A frase que dá o título a esta mini série italiana, é a primeira que Don Peppe escreve na sua célebre carta, assinada por ele e pelos padres da paróquia de Casal di Principe. O sacerdote lê o documento no dia de Natal de 1991, na sua Igreja de San di Nicola de Bari, para todos os que ali se encontram. Uma carta na qual expressa claramente aquilo que é a Camorra: uma forma de terrorismo. Um estado paralelo e corrupto. Fala a verdade que todos sabem, mas que ninguém se atreve a proferir. Ele ousa fazê-lo. Ele está lá para mostrar que é possível. A sua acção centra-se na denúncia, de colocar no centro do debate aquela terra.


Don Peppe Diana leva os seus actos por diante. Cria um centro para os imigrantes africanos que chegam àquela terra e que muito facilmente são absorvidos como mão de obra pela Camorra. Ele sabe que a constituição deste espaço é uma forma de os acolher e evitar que mais homens e mulheres caiam nas garras do crime. 

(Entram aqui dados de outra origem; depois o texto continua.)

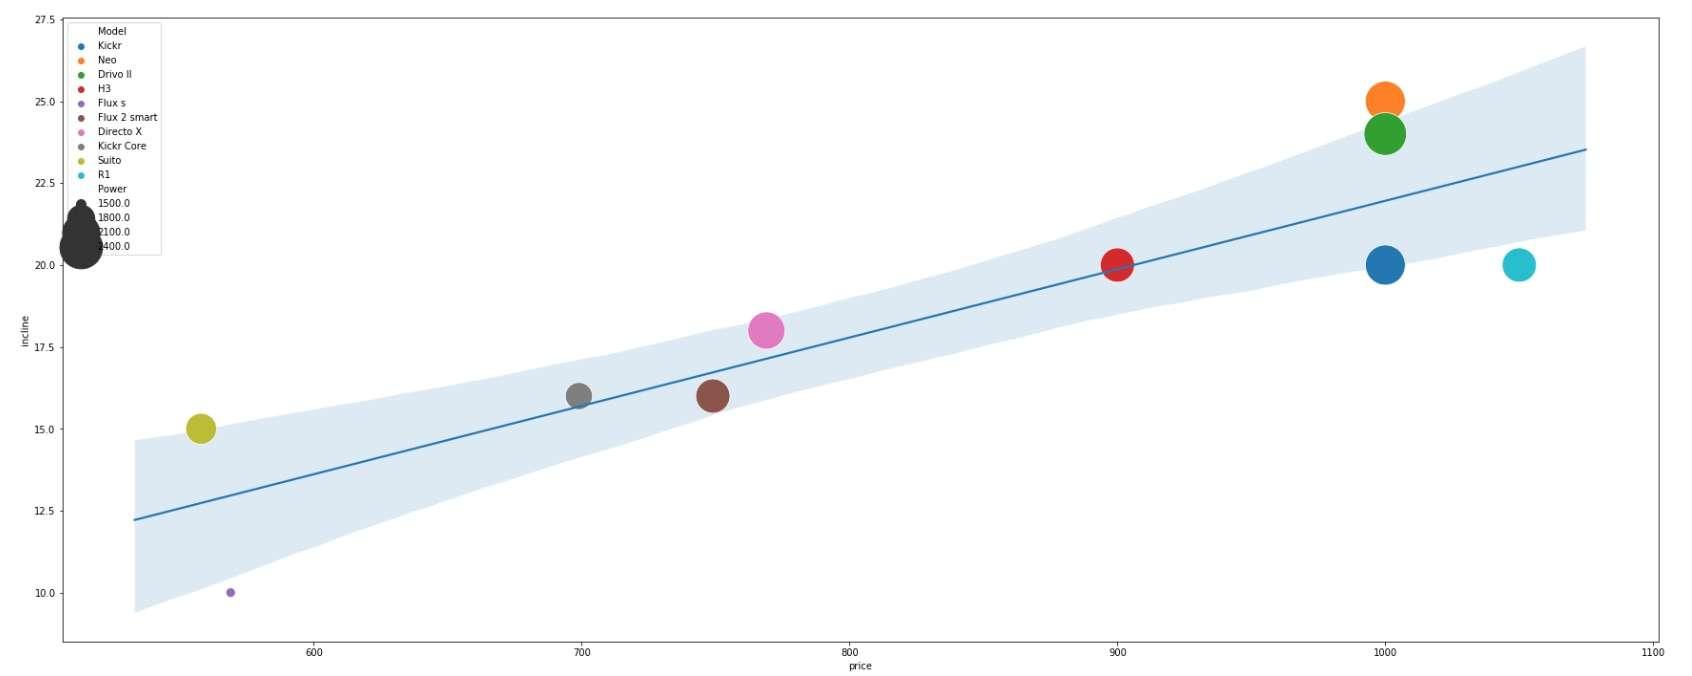 smart-trainer-incline-comparison Saris Hammer H3 Review Overview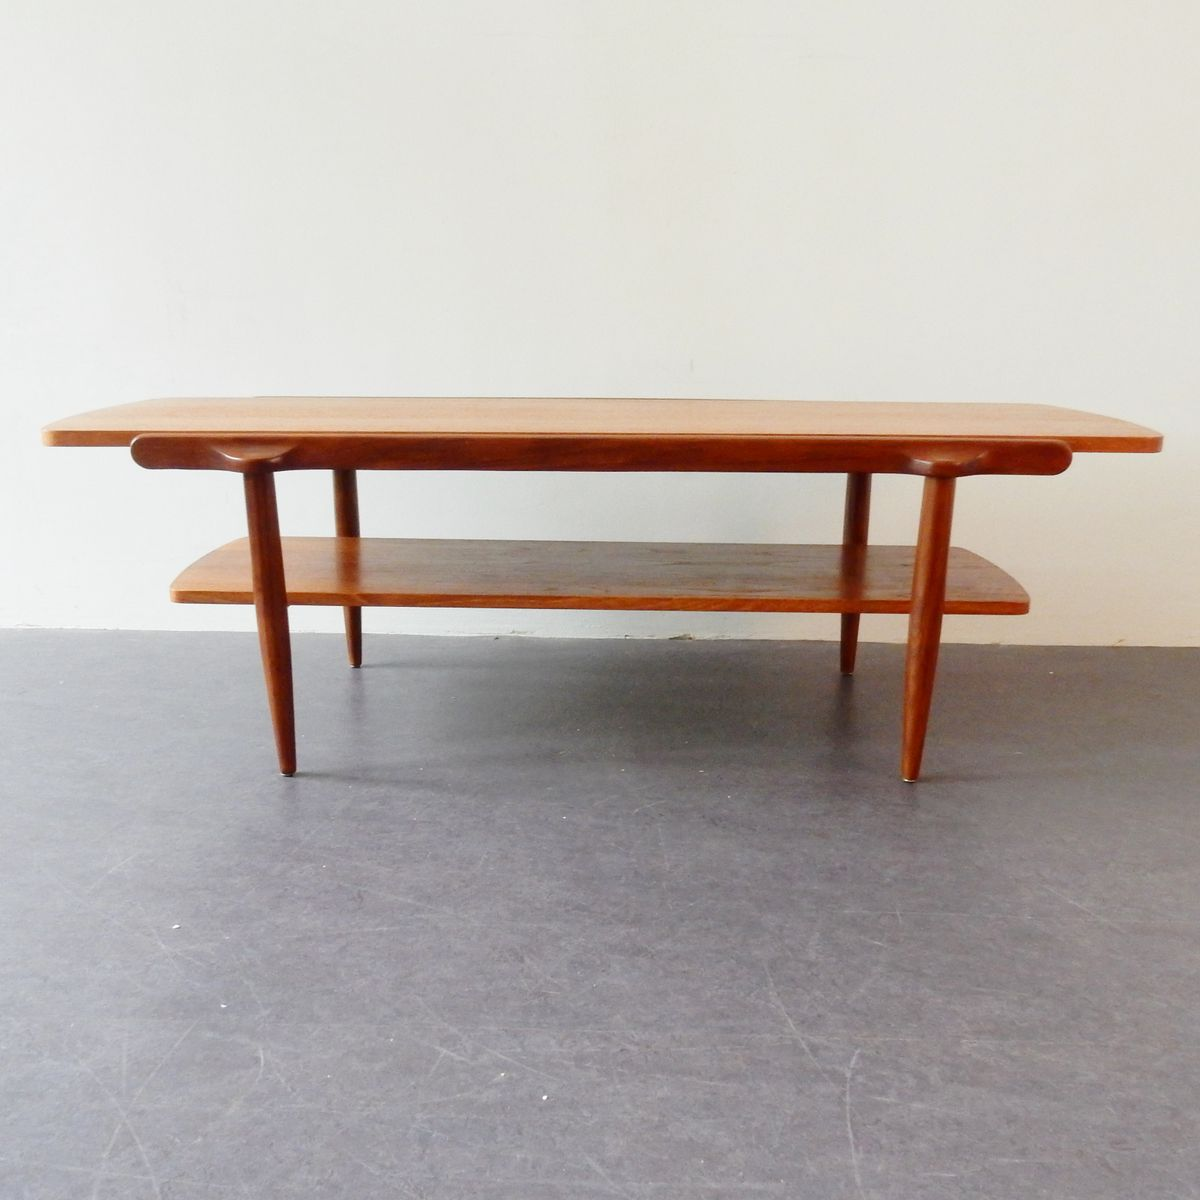 table basse avec dessus r versible 1960s en vente sur pamono. Black Bedroom Furniture Sets. Home Design Ideas

Com todos os seus esforços tenta trazer os jovens para próximo de si. Porque, desde que Casal Di Principe é também a sua paróquia, já viu algumas mortes. Esta é uma terra onde os jovens continuam a morrer, uns porque não têm nenhum Don Peppe que os leve a ver que há alternativa de vida, sem estar relacionada com o crime; outros porque são mortos acidentalmente e ainda aqueles que querem mudar. 


A produção da Rai Uno está excelente. O actor Alessandro Preziosi interpreta a personagem de Don Peppe e faz um trabalho incrível. É através dele que podemos perceber um pouco melhor quem foi este homem. A sua expressão ao fazer aquela primeira pergunta, com a qual comecei este texto, é uma expressão de dor. Como pode um padre encontrar Deus naquela terra onde matam indefinidamente, principalmente se os clãs estão em guerra. Todos os que morrem têm uma família e, invariavelmente, deixam algo para trás. E esses "restos" podem ser absorvidos pela mesma máfia que os deixou sozinhos. E até isso, Don Peppe Diana quer evitar (e por vezes consegue fazê-lo). O curioso é que ele não coloca a existência de Deus em causa, apenas se questiona onde ele está. Poderia um homem assistir a tudo isto sem se questionar? Na minha modesta opinião, não me parece. E o facto de questionar, não quer dizer que deixe de acreditar, muito pelo contrário. 

Além de tudo isto, do meu ponto de vista, a história de Don Peppe é universal, para quem acredita ou não em Deus. O que importa é conhecer este homem, porque nos pode deixar com alguma esperança no futuro. Mesmo nas questões políticas ele não se colocou à margem. O sacerdote não teve qualquer receio em apoiar a candidatura independente do seu amigo, o médico Renato Natale, que declarou como prioridade a luta contra a Camorra. Em 1993 consegue ganhar essas eleições. 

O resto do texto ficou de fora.